According to Citrix A/NZ channel director Neville James, there are 20 to 30 VDI-in-a-box deployments in Australia currently.
The company hopes to train 20 of its channel partners to service between 100 and 250 VDI-in-a-box customers by the end of the year.
James pinned the slow Australian takeup of VDI-in-a-box on a meagre Australian sales strategy of its developer, Kaviza.
Citrix acquired Kaviza last May, bringing the SMB-focused virtual appliance to Australia and rebranding it late last year. Prior to the acquisition, Kaviza was a rival of Citrix's XenDesktop.
“The Kaviza business in Australia really hadn’t gotten off the ground by the time Citrix bought it globally,” he said, declining to name specific customers.
For the pilot program, Citrix is leaning on a handful of existing partners for the process, including service provider Regal IT.
“We want to start feeding [the product] into the channel and get them understanding how easy it is to deploy, the skills you need and the time it takes to make the solution functional to customers,” James said.
“What we learn out of the pilot process will factor heavily in how we educate the broader channel.”
James described it as a "fairly conservative approach".
“We’re not planning on looking for a new channel, we’ll probably focus on existing silver partners in the A/NZ marketplace," he said.
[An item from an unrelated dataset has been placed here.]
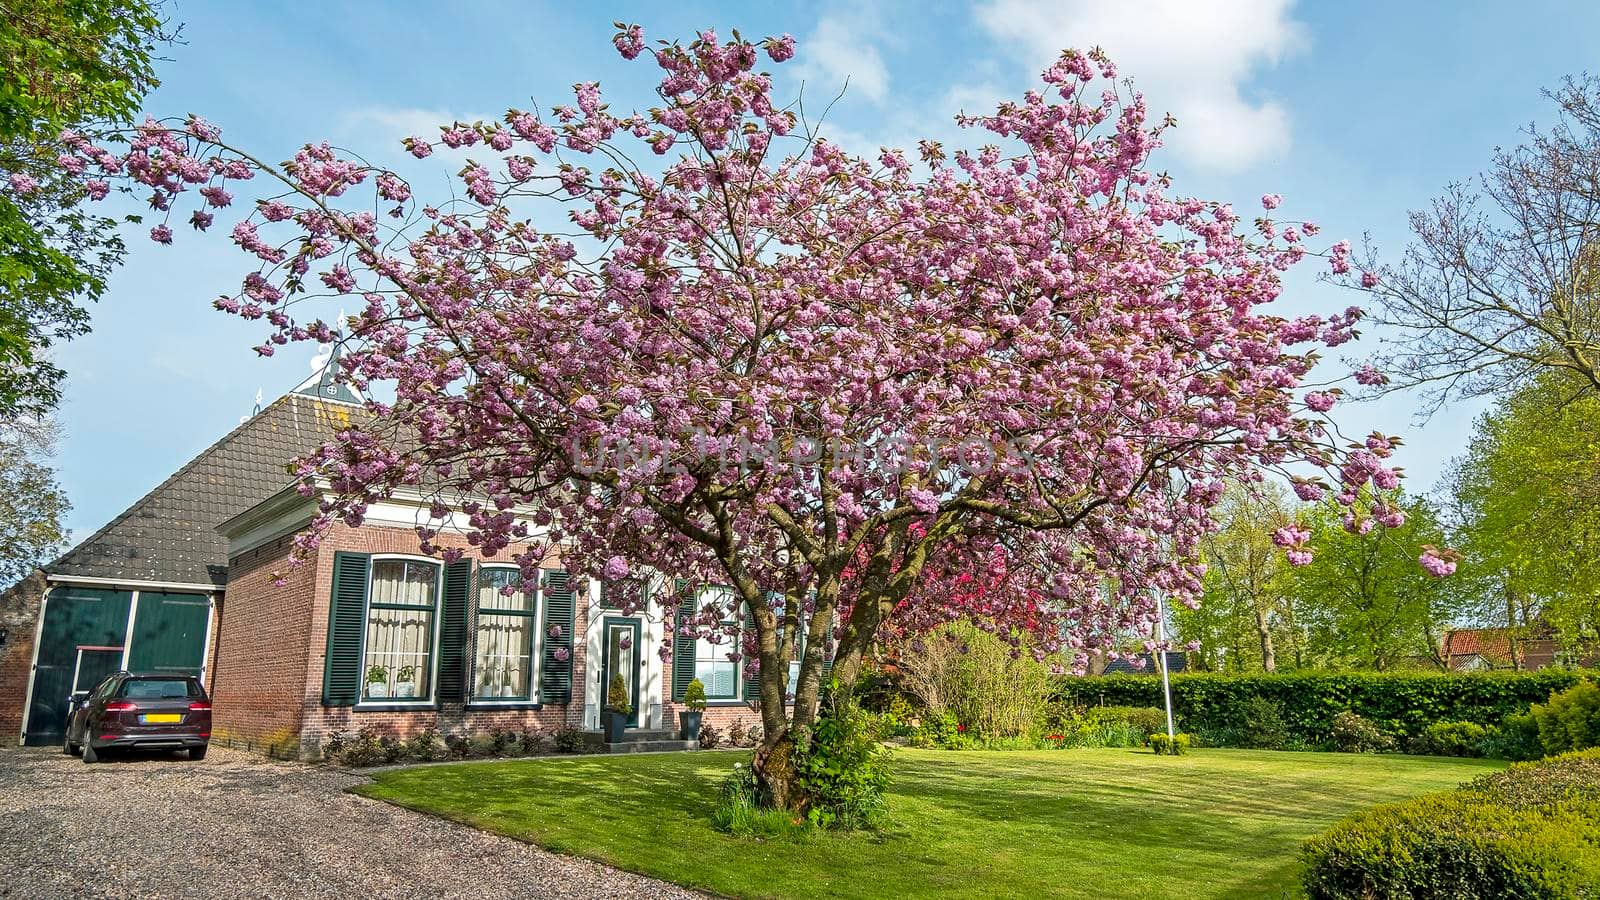 Blossoming cherry tree and a medieval country house in the Netherlands by devy

"They give us a fairly broad coverage of the SMB marketplace, so it’s more a case of enabling ones we’ve got, adding VDI-in-a-box to those that sell [XenDesktop] and XenApp."
In March, Citrix plans to introduce a VDI-in-a-box bundled package that James said would include Microsoft licenses and servers.
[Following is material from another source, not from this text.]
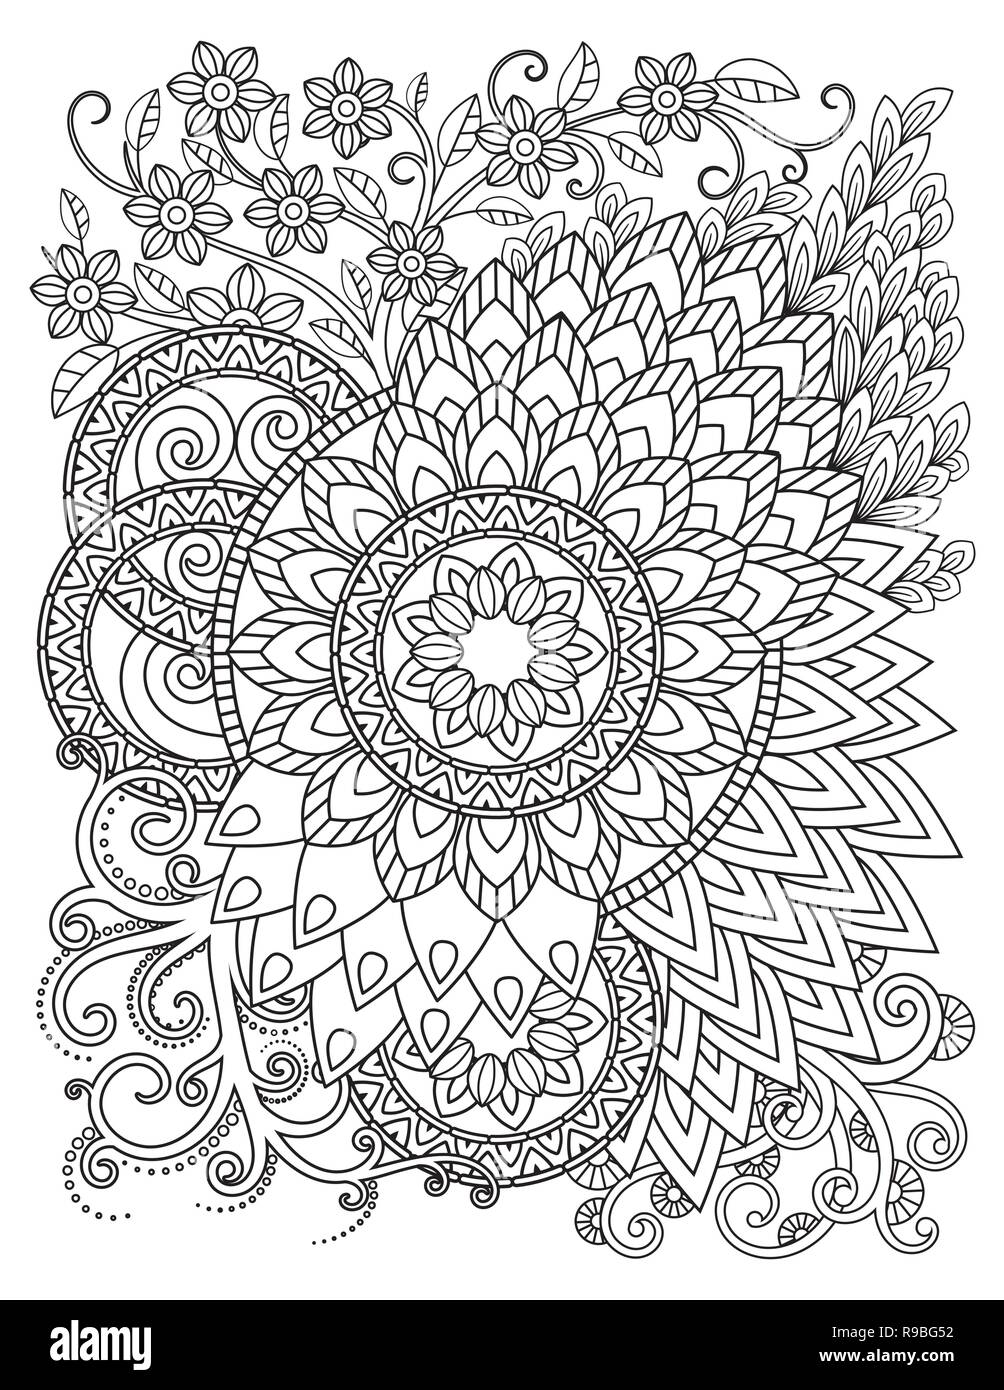 Mandala pattern in black and white. Adult coloring book page with mandalas. Oriental pattern, vintage decorative ornaments. Hand drawn vector illustration. Design element Stock Vector

VDI-in-a-box suffered a glitch on New Year’s Day which prevented users from accessing their virtual desktop environments.
Customers received an error message stating ‘no licenses were available’ due to a bug which deemed all licenses for the software expired.
The company said only three Australian customers were affected. A fix was issued two days later.
James told CRN he did not expect the glitch to affect Citrix’s partner recruitment drive.
“The problem was identified in the US and rectified within a couple of days,” he said. “We wrote a particular piece of code to fix it and it worked perfectly well.”